> [Directions] Leaving the pictures aside, restate all of the data exactly.

> [Data section]
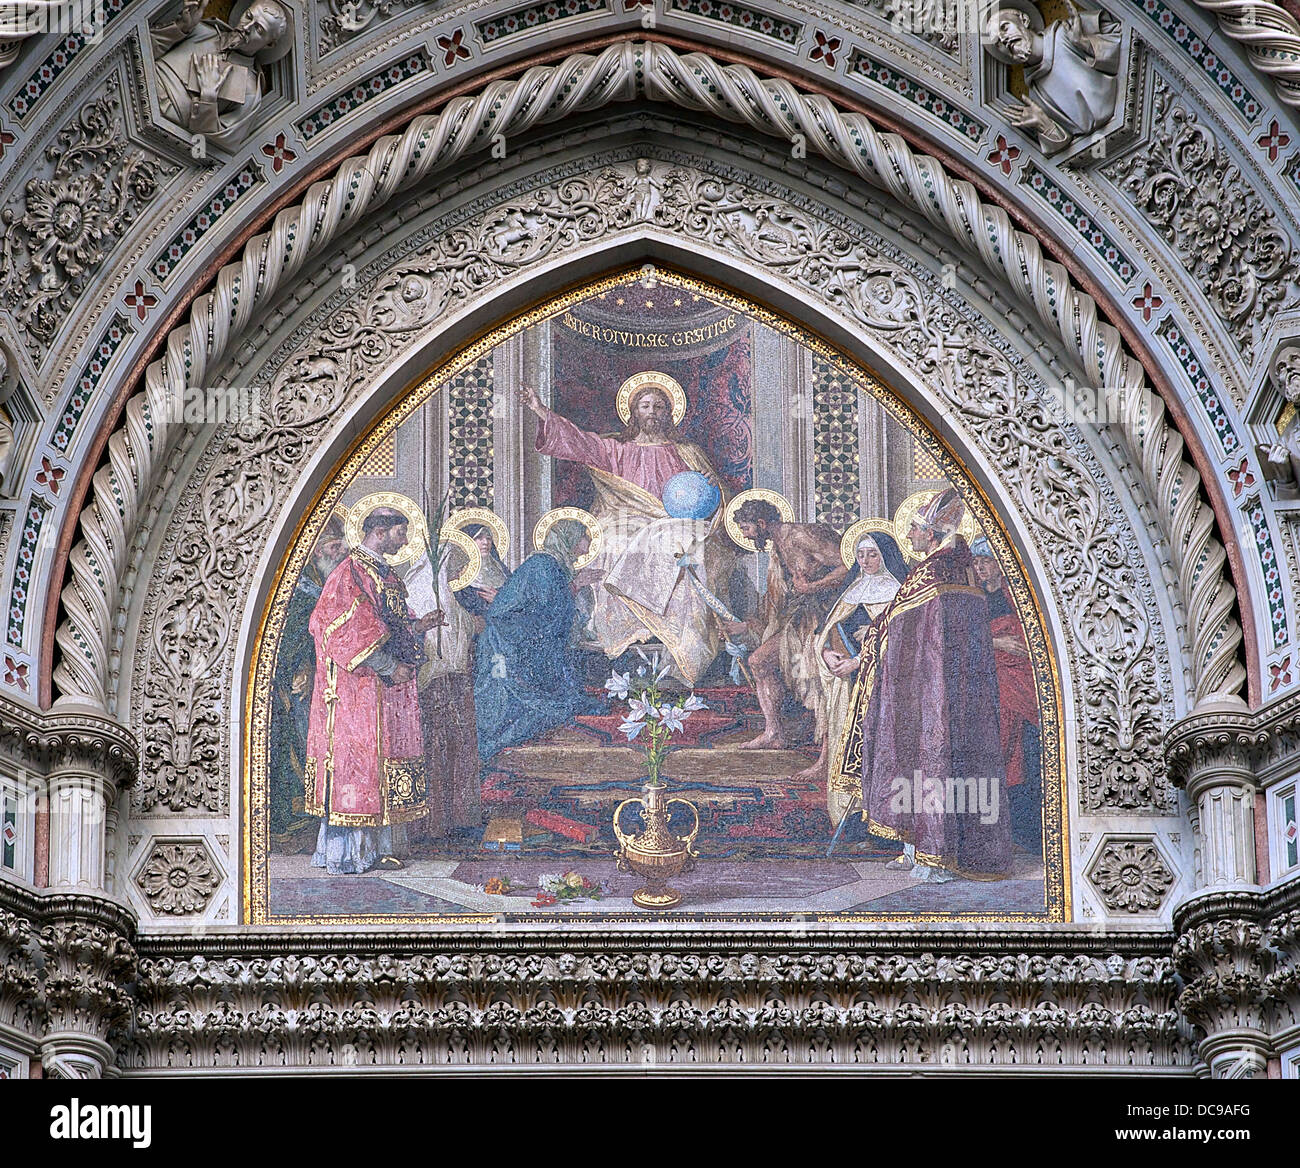 The 19th century gothic revival mosaic of the central tympanum (above the main gate) of the cathedral Santa Maria del Fiore in Stock Photo
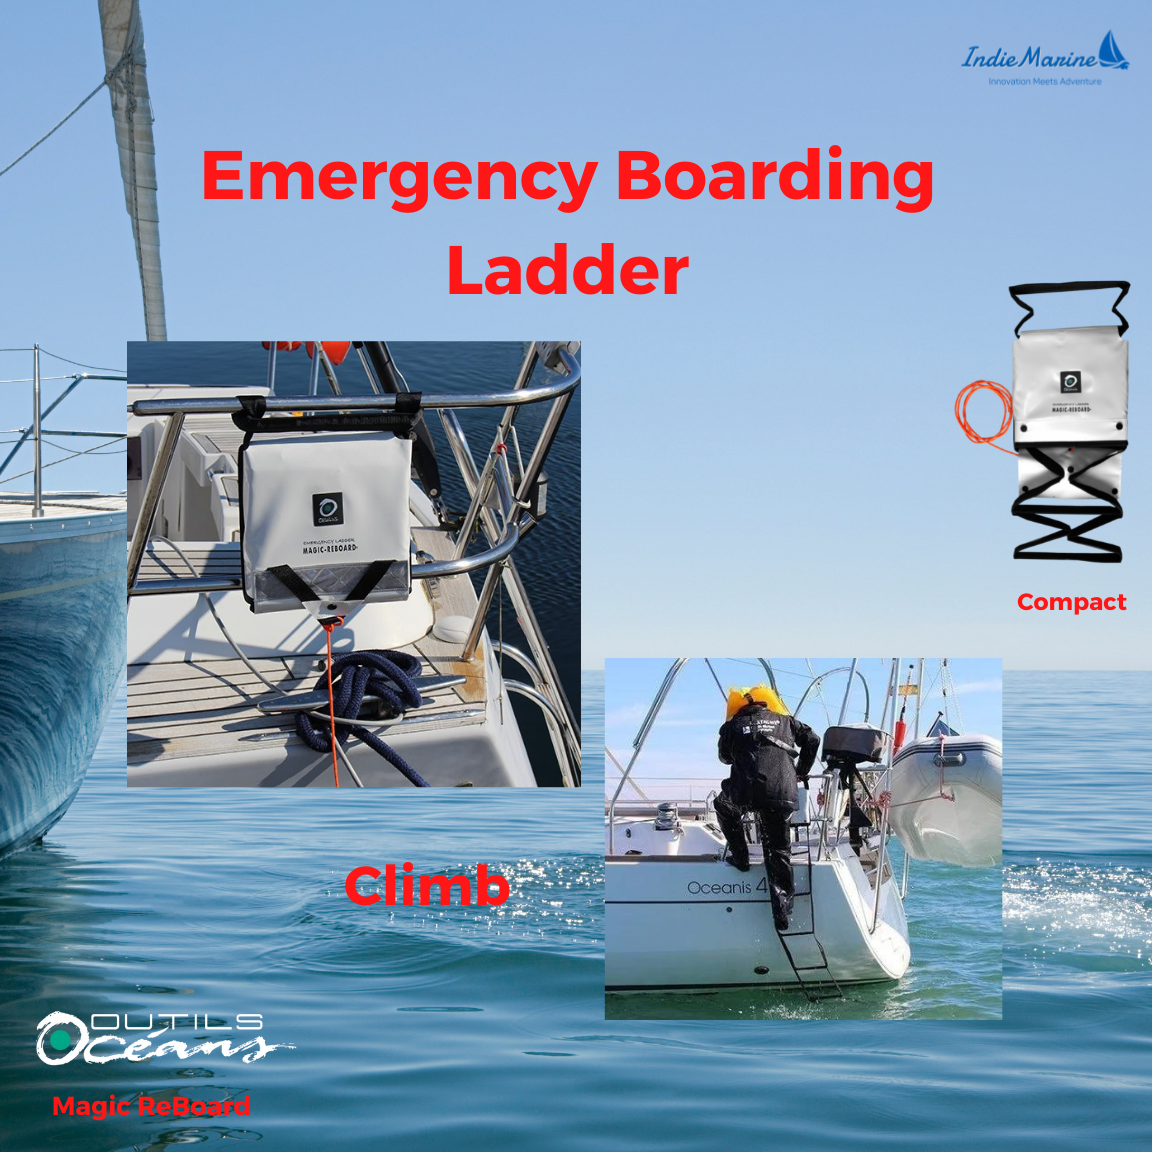 Emergency Ladder - Magic Reboard for Dinghy or Boat - 9 Step- Outils Oceans
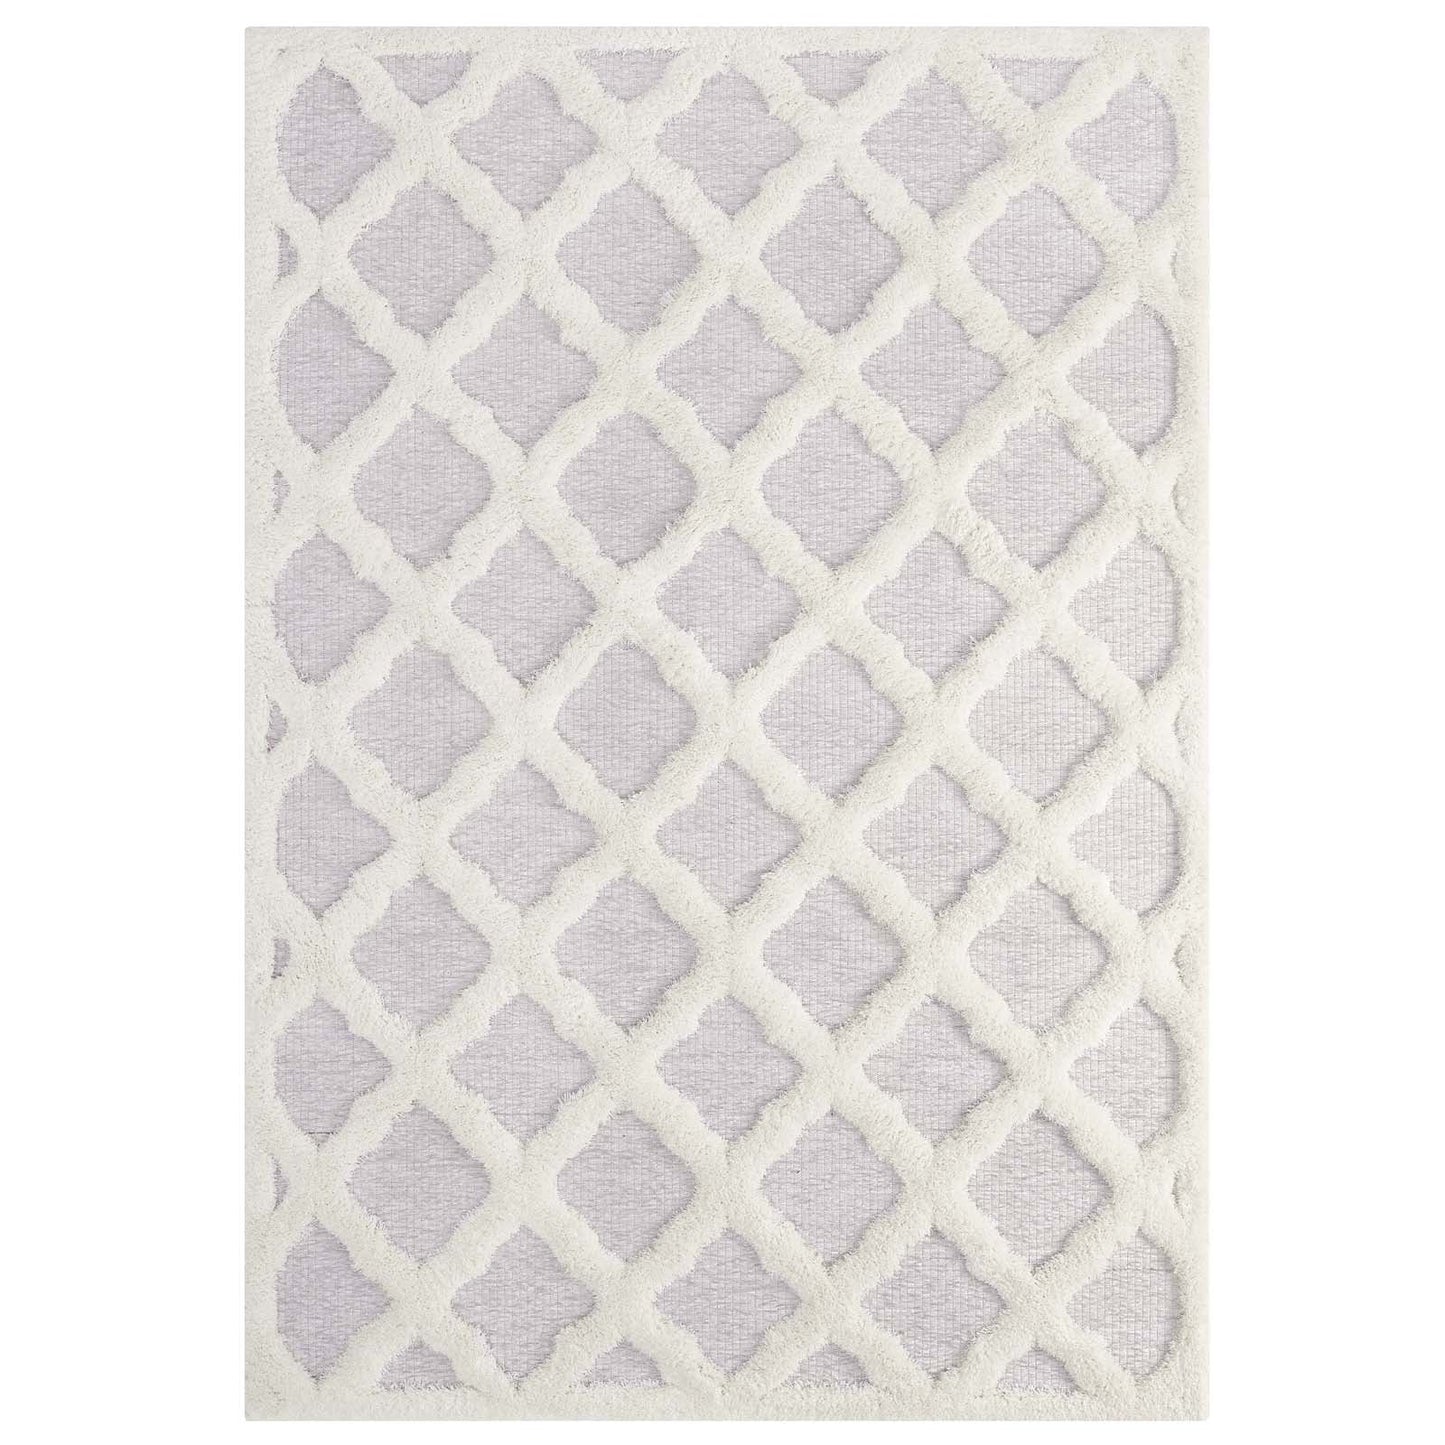 Whimsical Regale Abstract Moroccan Trellis Shag 5x8 Area Rug
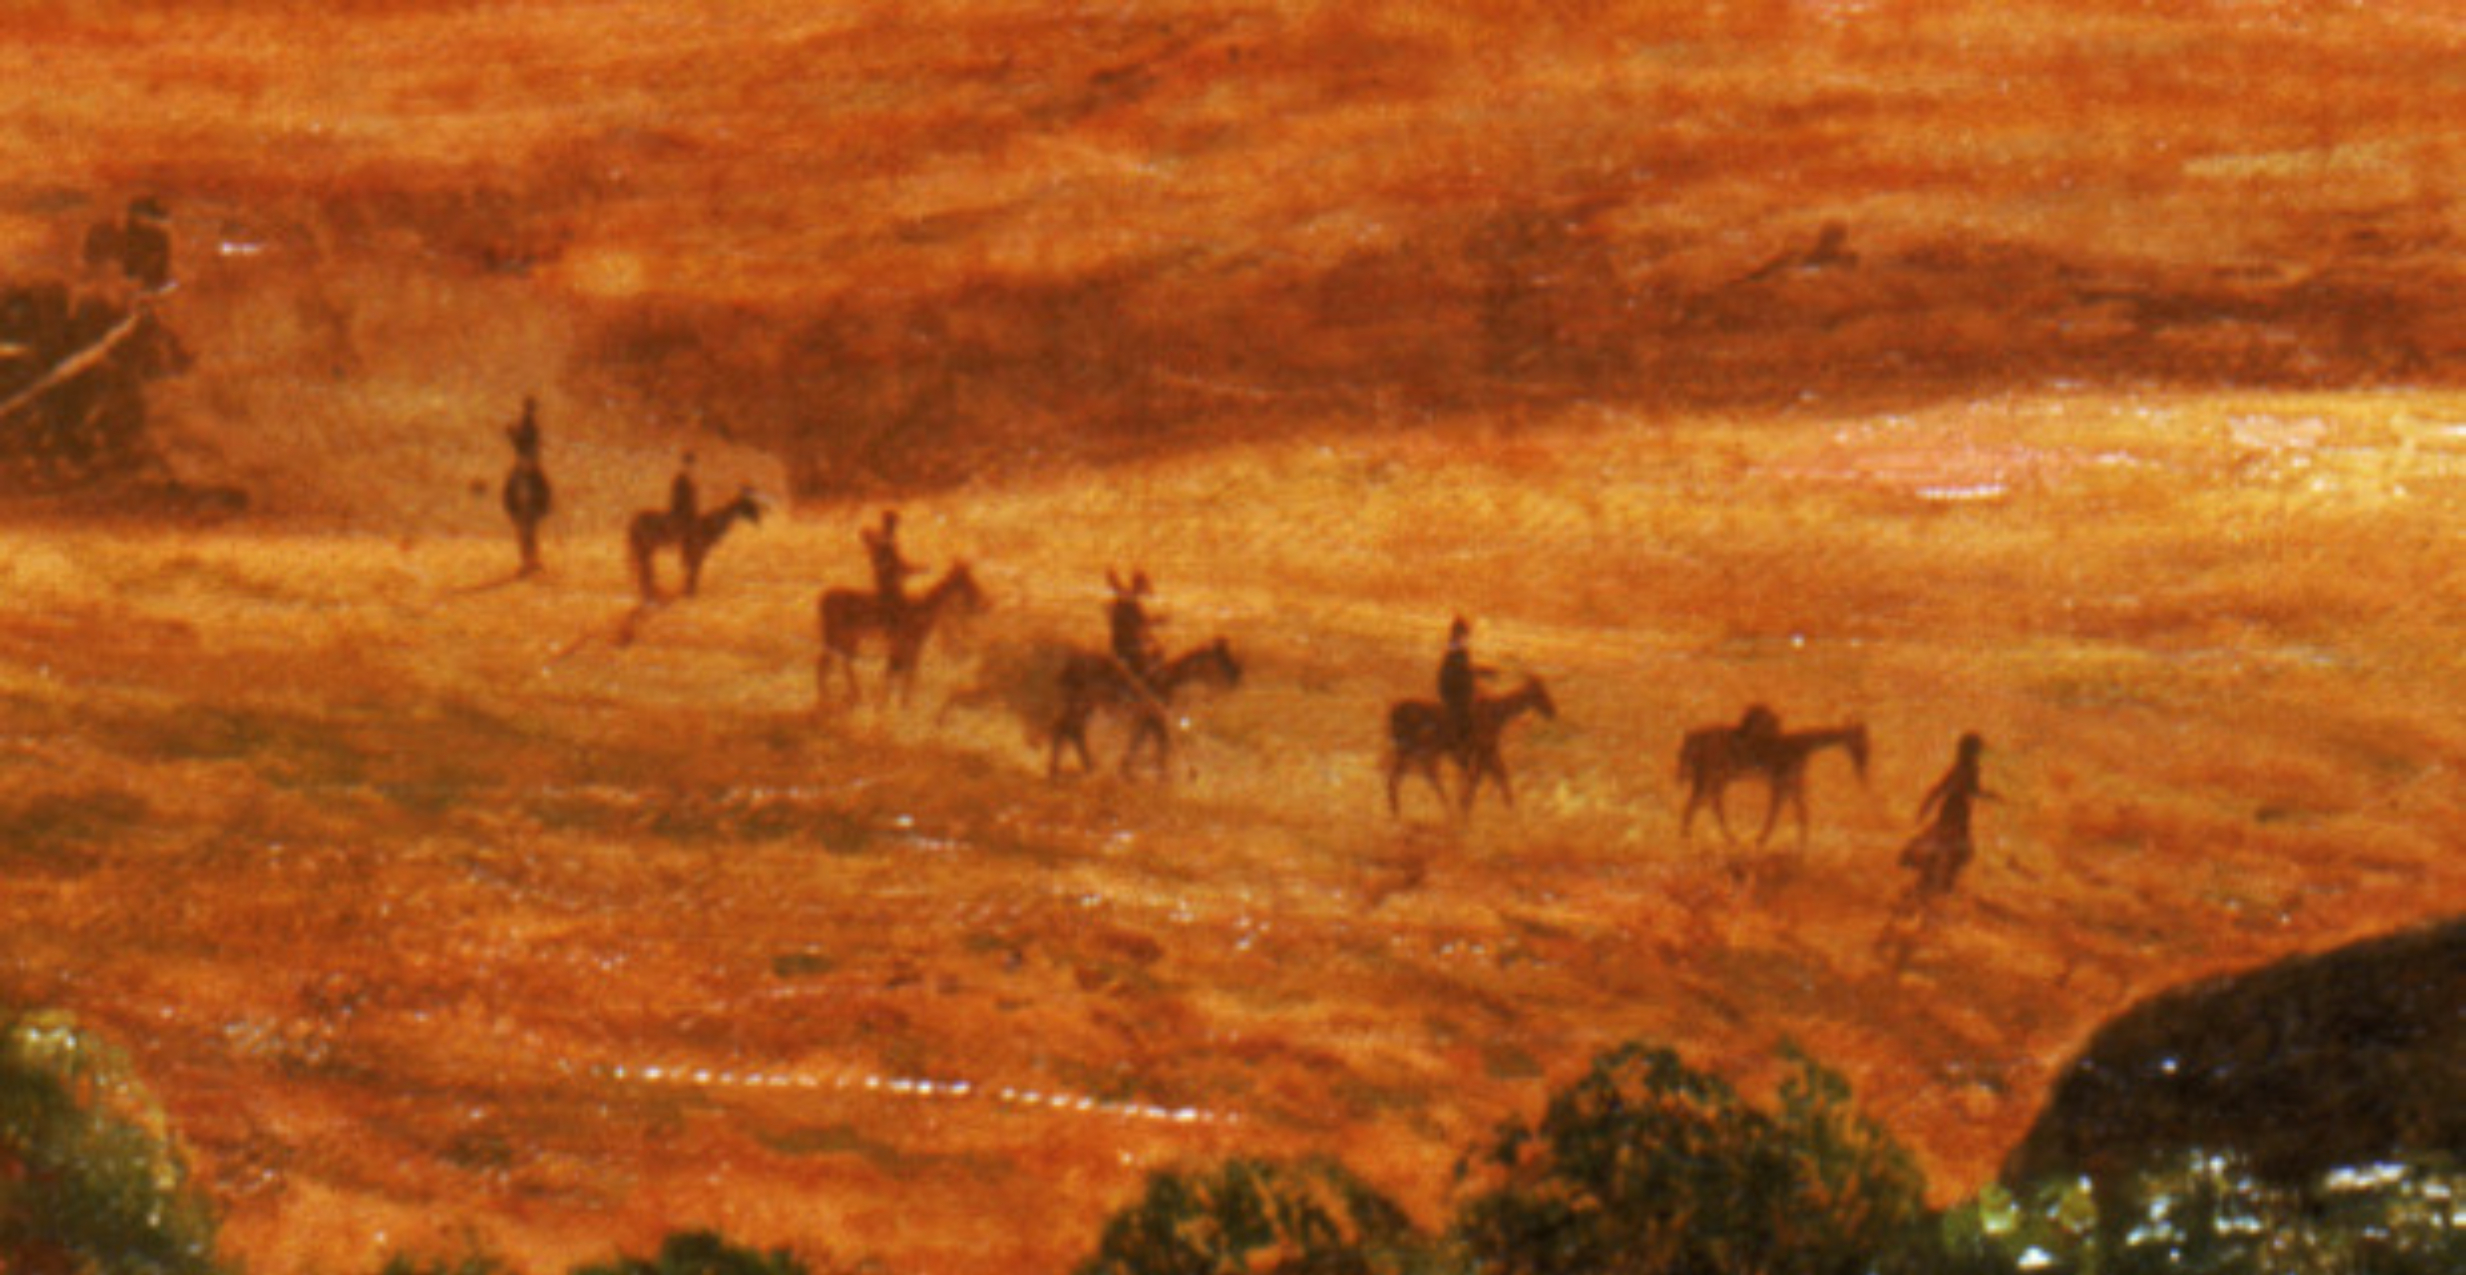 Detail: in a orange-gold valley, a collection of seven people, five on horseback, walk across the landscape in a line.

> [The answer]
 The 19th century gothic revival mosaic of the central tympanum (above the main gate) of the cathedral Santa Maria del Fiore in Stock Photo
 Emergency Ladder - Magic Reboard for Dinghy or Boat - 9 Step- Outils Oceans
 Whimsical Regale Abstract Moroccan Trellis Shag 5x8 Area Rug
 Detail: in a orange-gold valley, a collection of seven people, five on horseback, walk across the landscape in a line.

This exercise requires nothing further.